There were no A- or B1*-rated trials. One trial (A283, Sinha) was rated uncertain risk of bias (‘B2’-rated). Ten trials were assessed as high risk of bias (‘C’-rated); one of those (A296, Peckham) was judged high risk of bias for domain IIIA only. Seven ‘C’-rated trials were deficient in three or more domains
of assessment (‘C3.0’-rated or worse). A summary risk-of-bias bar graph is shown in
[Supplementary File 5] (available in online version only).
Pragmatic/Explanatory Attitude
Independent assessment identified a total of 26 domains (one to six domains per trial)

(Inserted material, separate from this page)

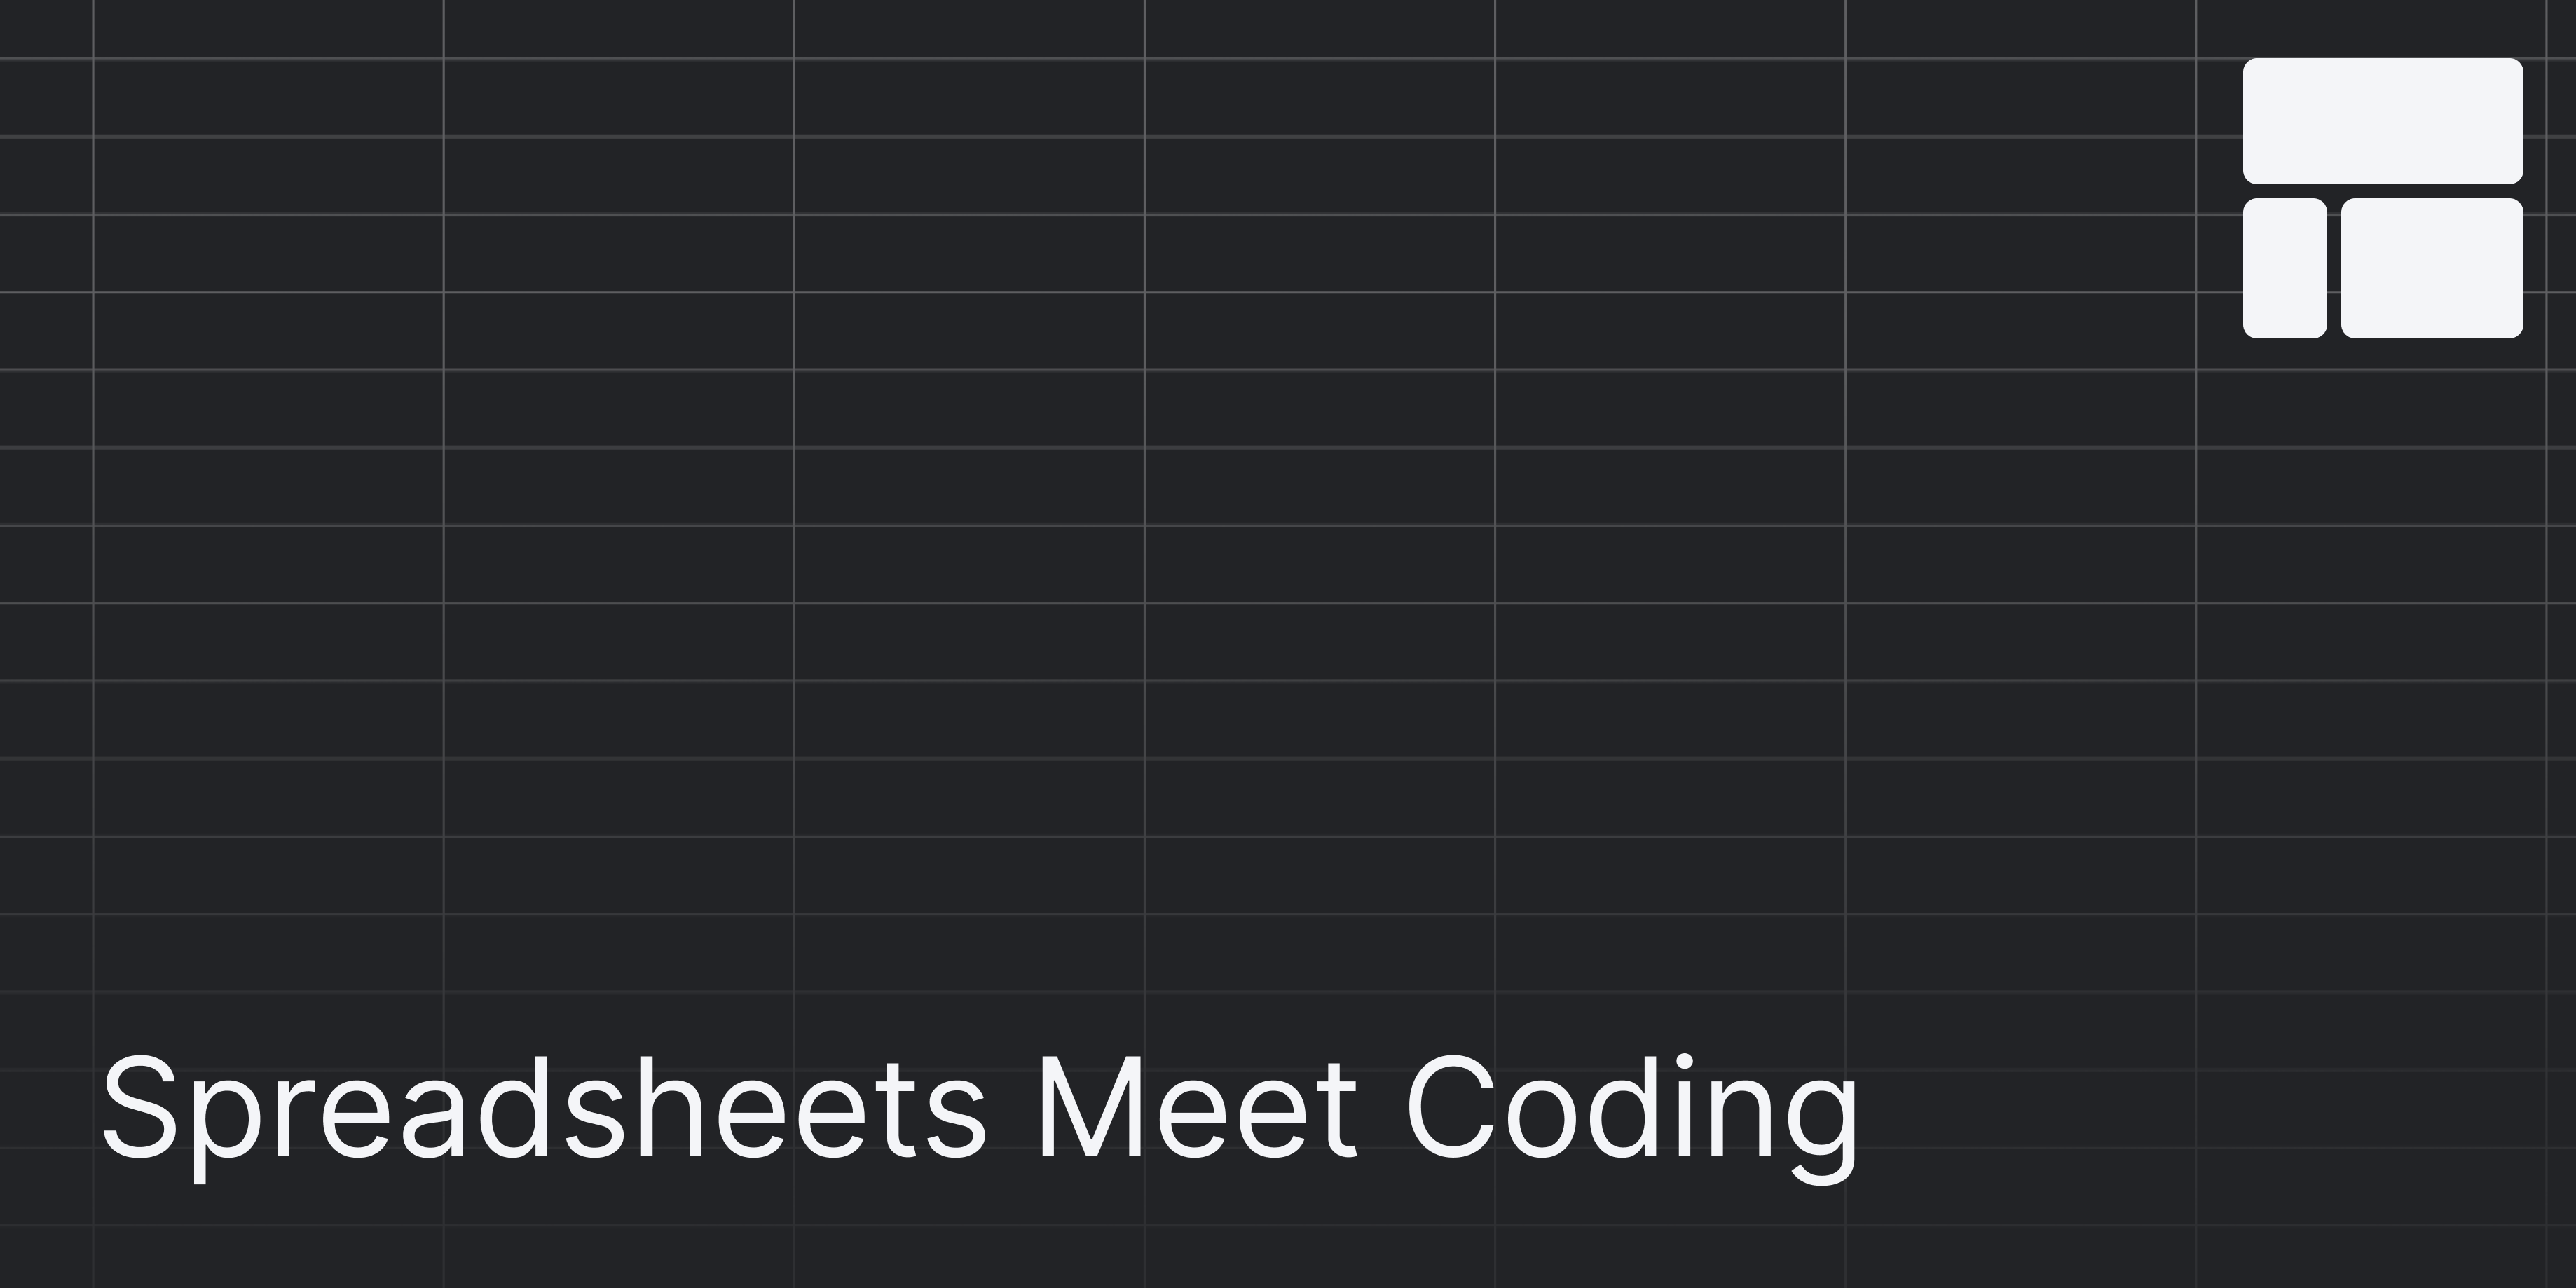 Cover Image for Spreadsheets Meet Coding

for which the two scores were ≥ 2 apart. In all cases, consensus discussion narrowed
the score discrepancy per domain to no more than 1, which was our target. There was
no trial for which the consequent two total scores lay on either side of a threshold
for overall characterisation of pragmatic/explanatory attitude: a final designation
per trial was thus readily apparent ([Table 3]). Five of the 11 trials were more pragmatic than explanatory, two were more explanatory
than pragmatic and four were equally pragmatic and explanatory. All four of the trials
with study design Ib were more (or much more) pragmatic than explanatory in attitude.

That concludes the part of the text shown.